Information shown:
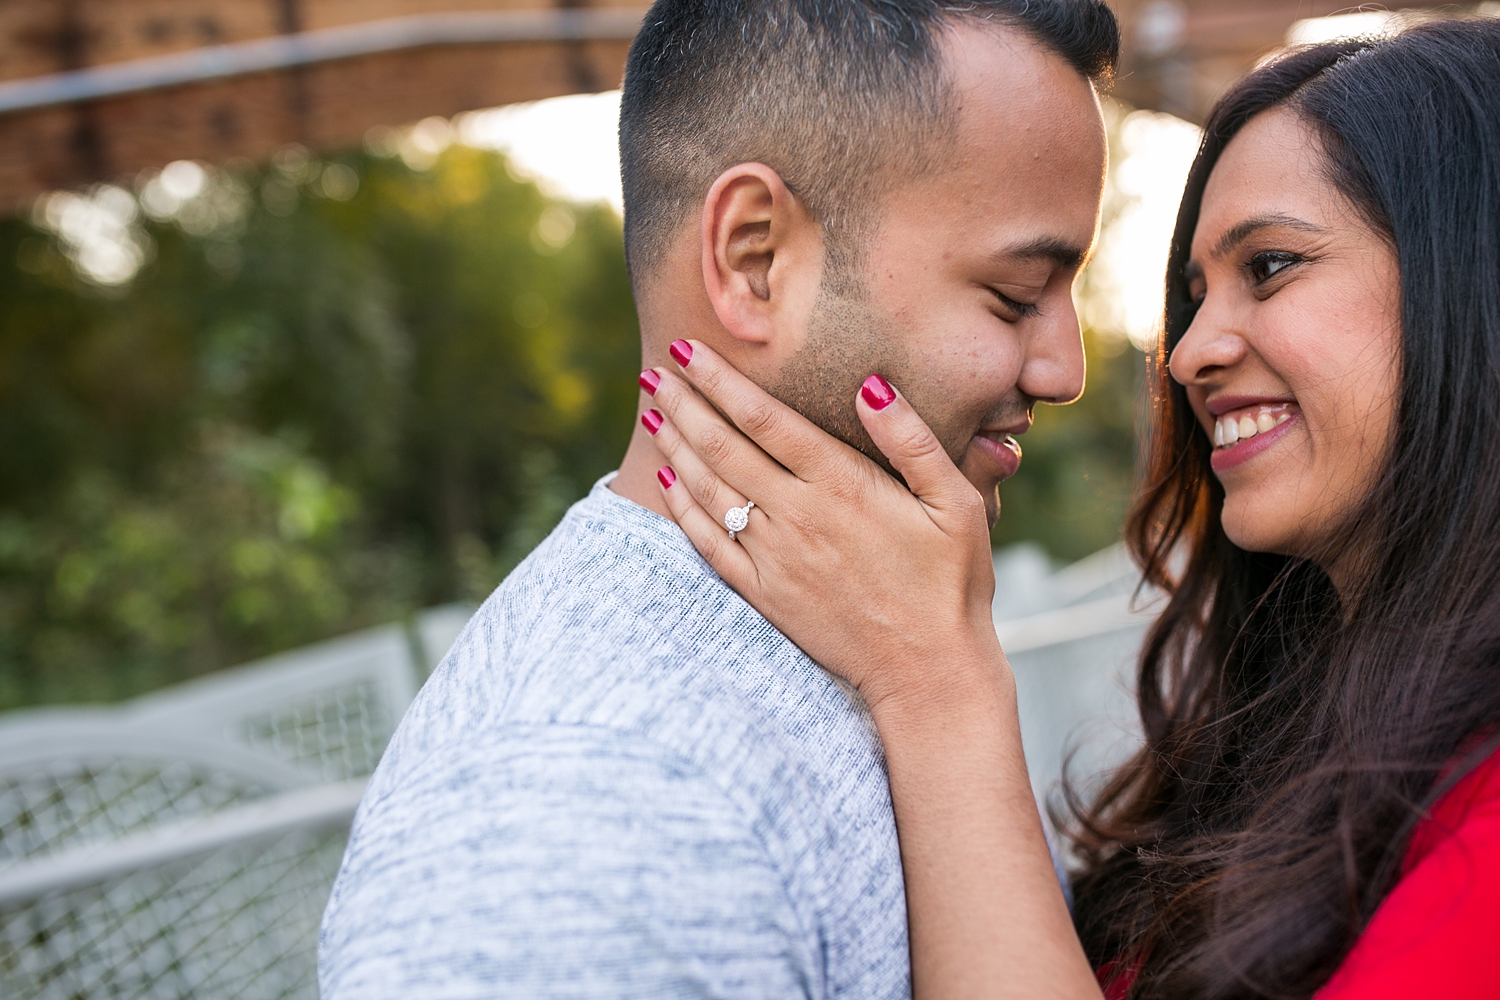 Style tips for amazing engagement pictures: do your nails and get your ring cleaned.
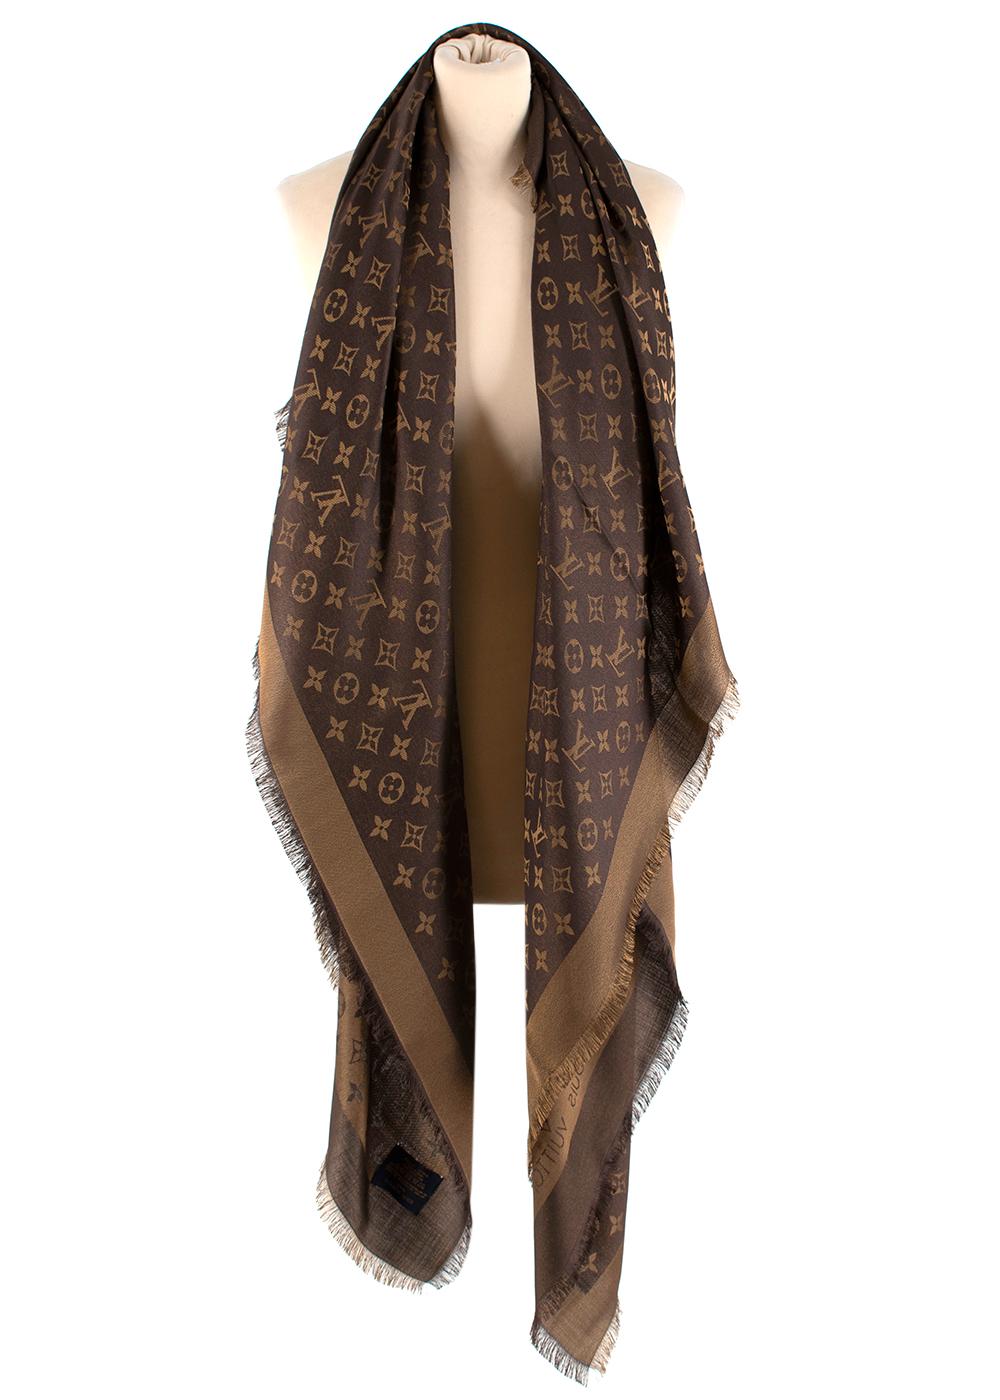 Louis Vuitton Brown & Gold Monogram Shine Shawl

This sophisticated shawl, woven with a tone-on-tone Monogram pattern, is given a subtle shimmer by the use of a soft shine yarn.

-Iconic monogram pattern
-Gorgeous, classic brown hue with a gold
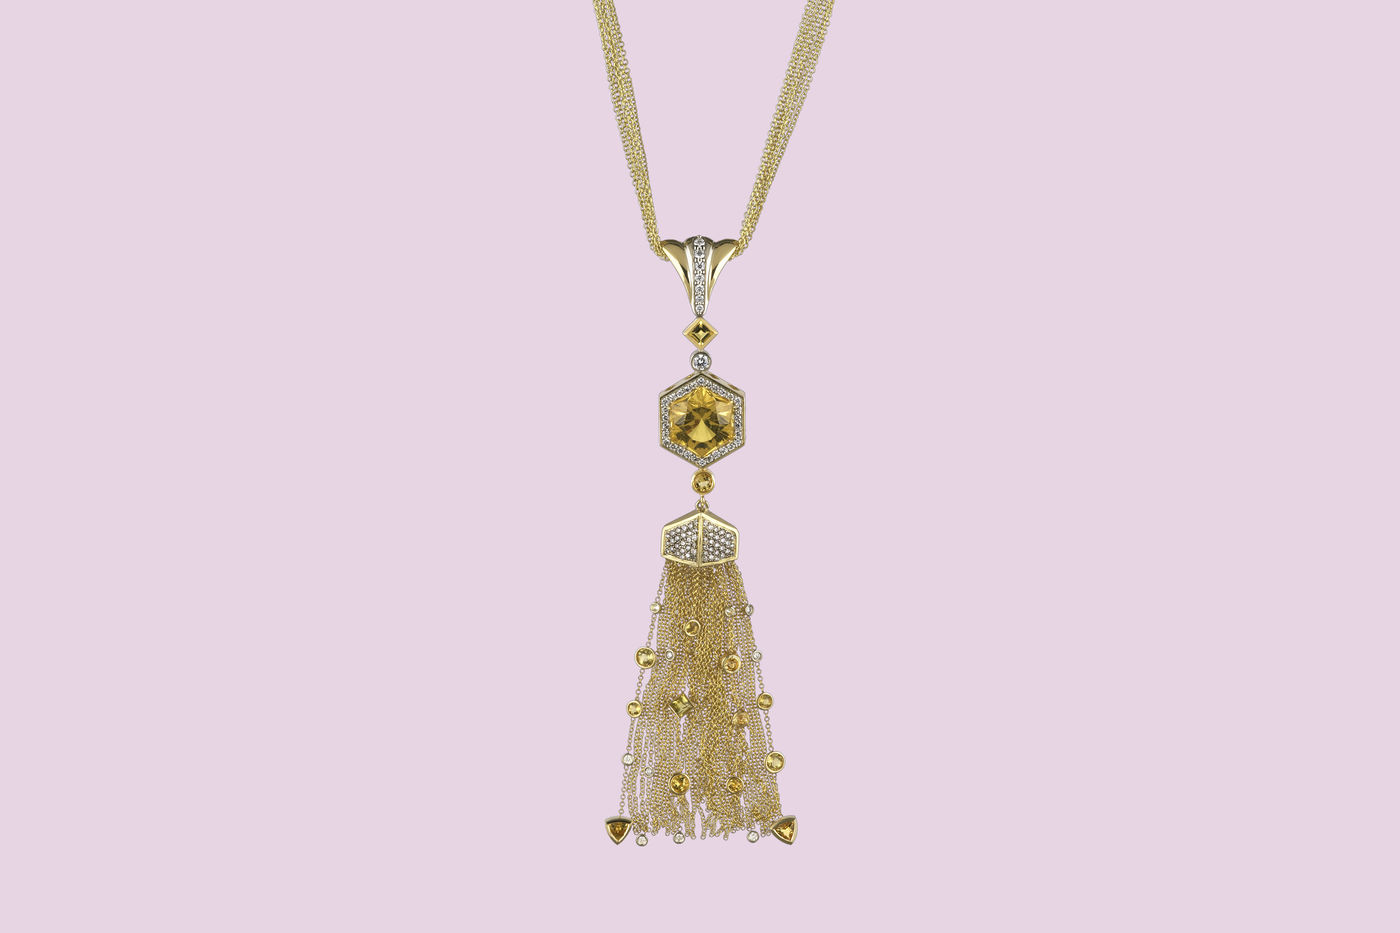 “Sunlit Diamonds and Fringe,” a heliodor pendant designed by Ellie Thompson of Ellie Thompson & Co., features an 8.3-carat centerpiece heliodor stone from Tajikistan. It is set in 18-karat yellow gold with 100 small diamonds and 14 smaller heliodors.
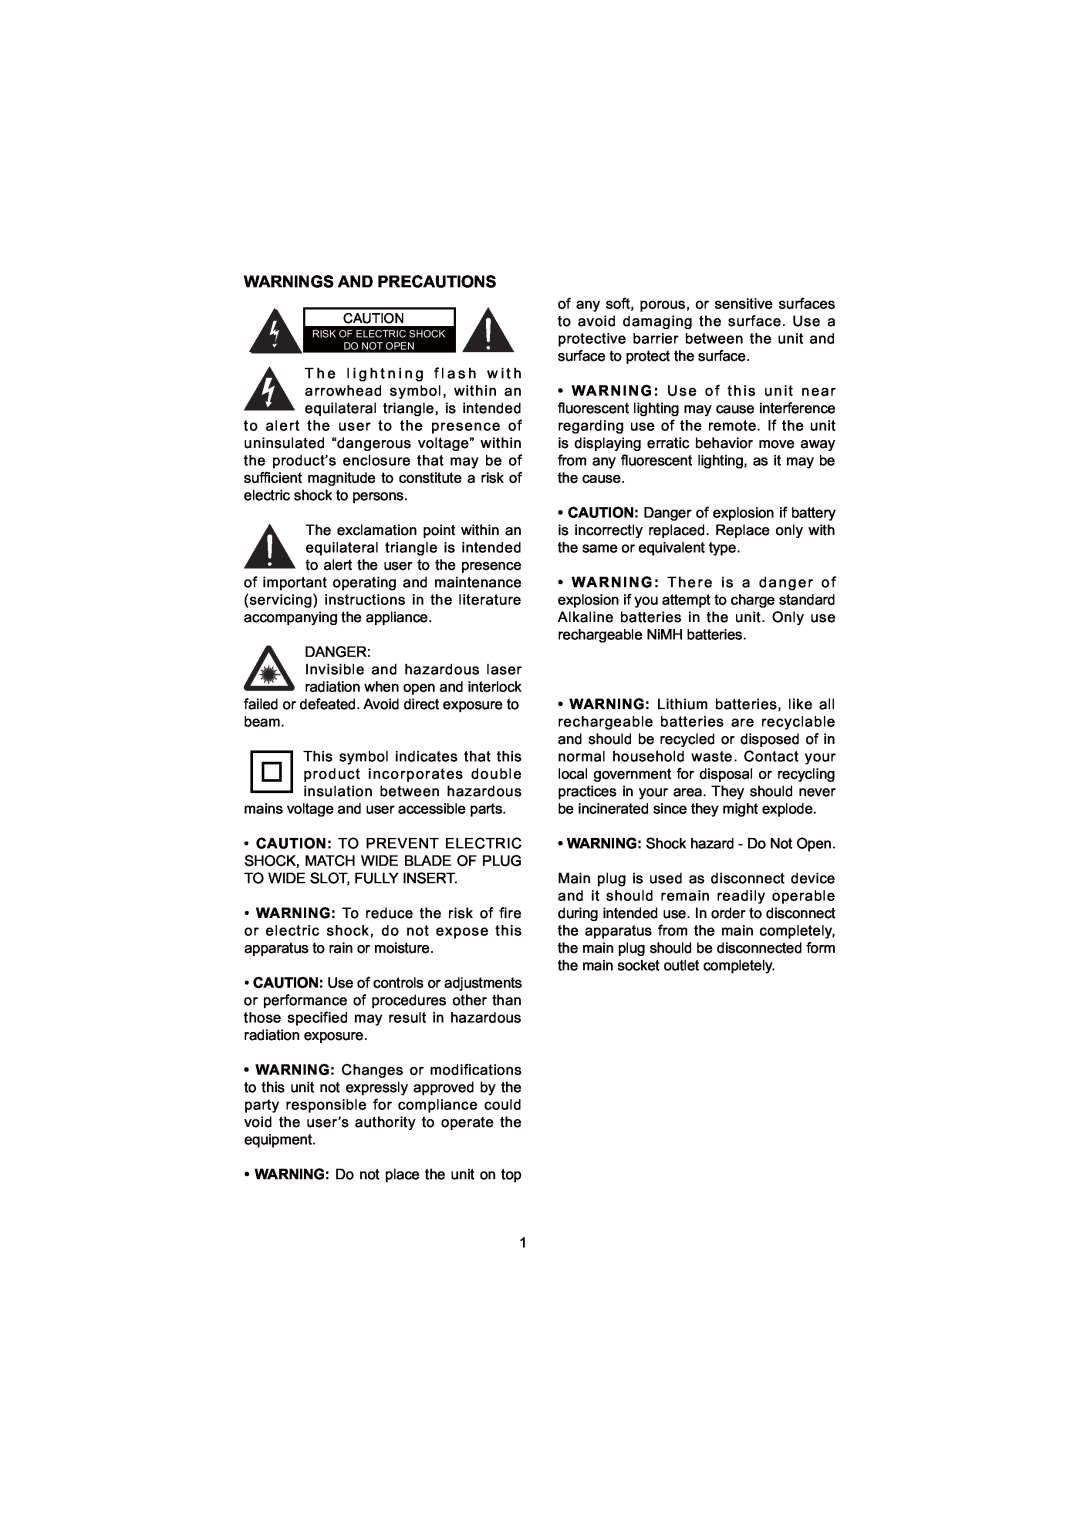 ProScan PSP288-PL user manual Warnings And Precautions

Assignment: Please write out exactly the lines from the one containing "14 smaller heliodors." through the last line of the records above, and leave out any pictures.

Output of the exercise:
 “Sunlit Diamonds and Fringe,” a heliodor pendant designed by Ellie Thompson of Ellie Thompson & Co., features an 8.3-carat centerpiece heliodor stone from Tajikistan. It is set in 18-karat yellow gold with 100 small diamonds and 14 smaller heliodors.
 ProScan PSP288-PL user manual Warnings And Precautions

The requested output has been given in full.